━━ RECORDED DATA
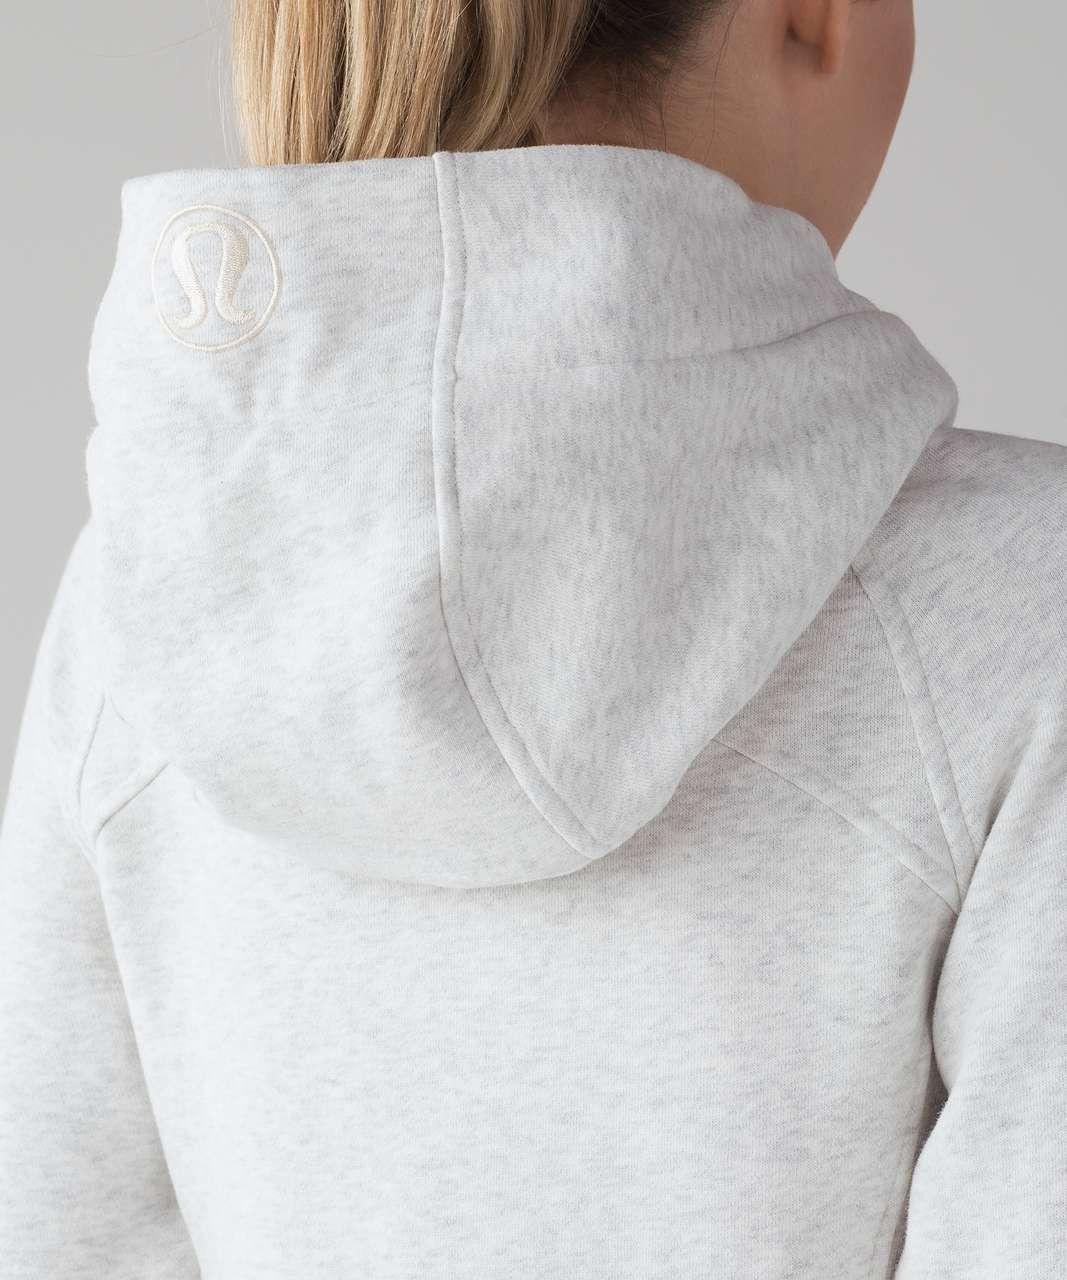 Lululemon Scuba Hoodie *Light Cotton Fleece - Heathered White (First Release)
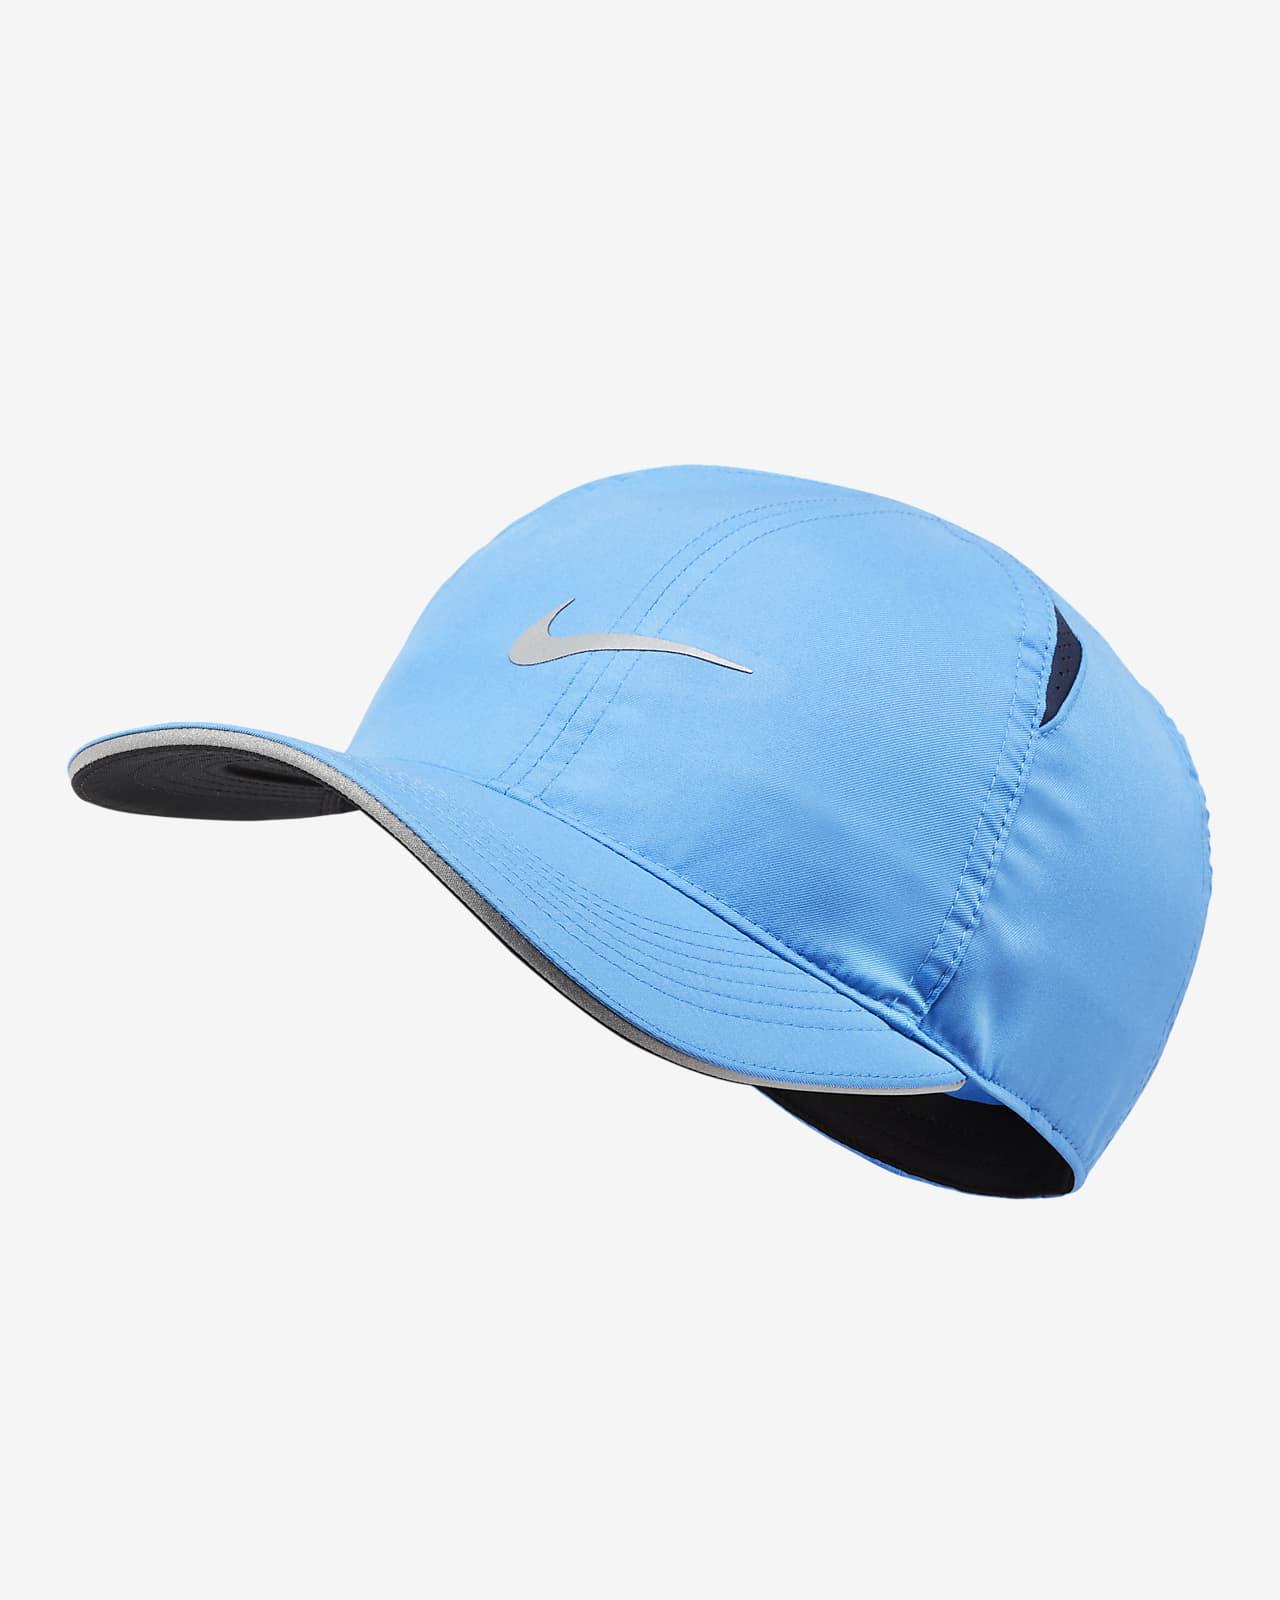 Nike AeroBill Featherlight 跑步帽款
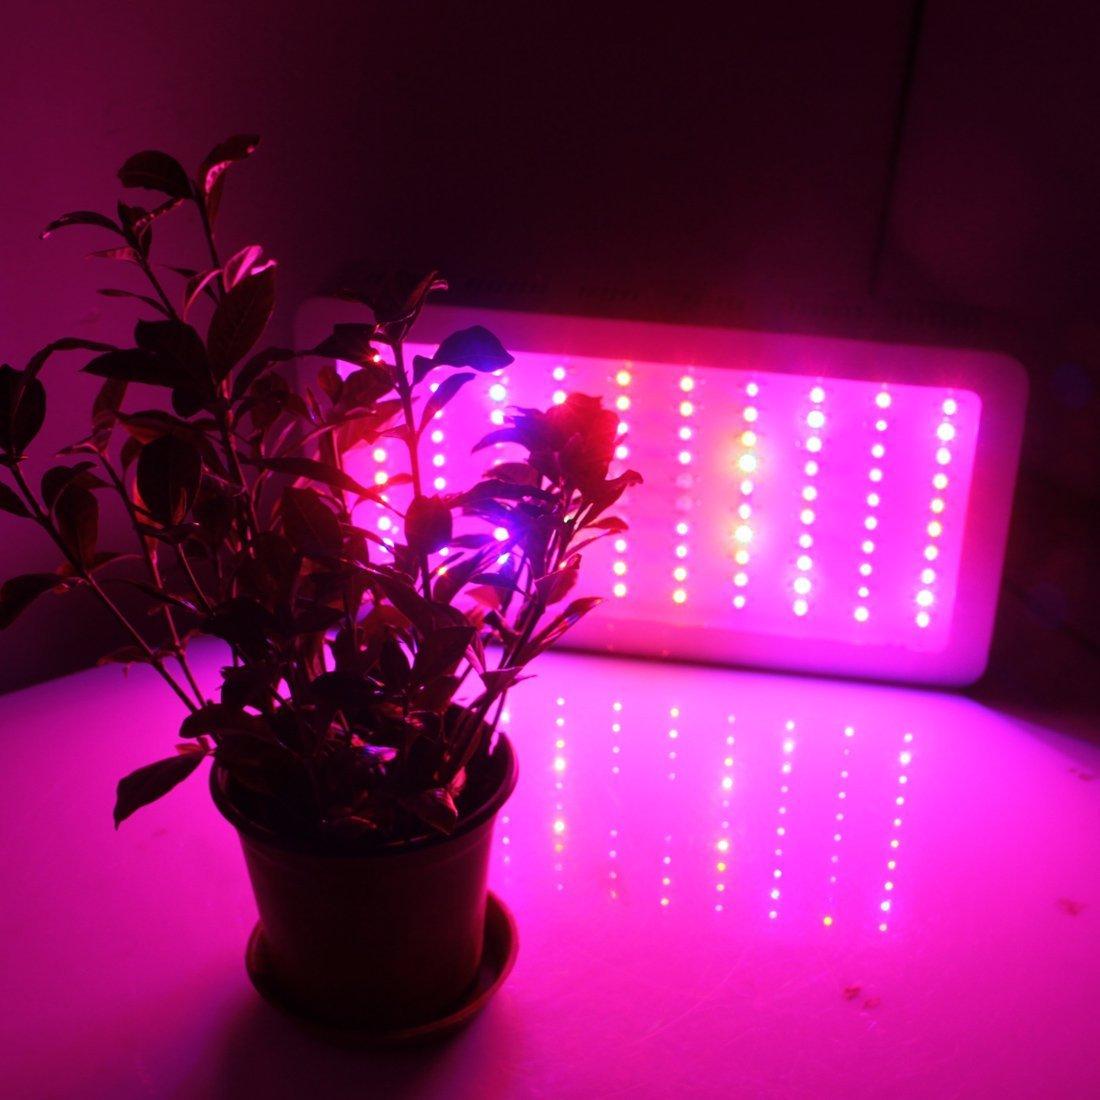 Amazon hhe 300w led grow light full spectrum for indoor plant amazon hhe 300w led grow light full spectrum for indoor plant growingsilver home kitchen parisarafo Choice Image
━━━━
● WHAT THE TASK REQUIRES
Please print the listing above again word for word, without its pictures.

● SOLUTION FOR THIS EXERCISE
 Lululemon Scuba Hoodie *Light Cotton Fleece - Heathered White (First Release)
 Nike AeroBill Featherlight 跑步帽款
 Amazon hhe 300w led grow light full spectrum for indoor plant amazon hhe 300w led grow light full spectrum for indoor plant growingsilver home kitchen parisarafo Choice Image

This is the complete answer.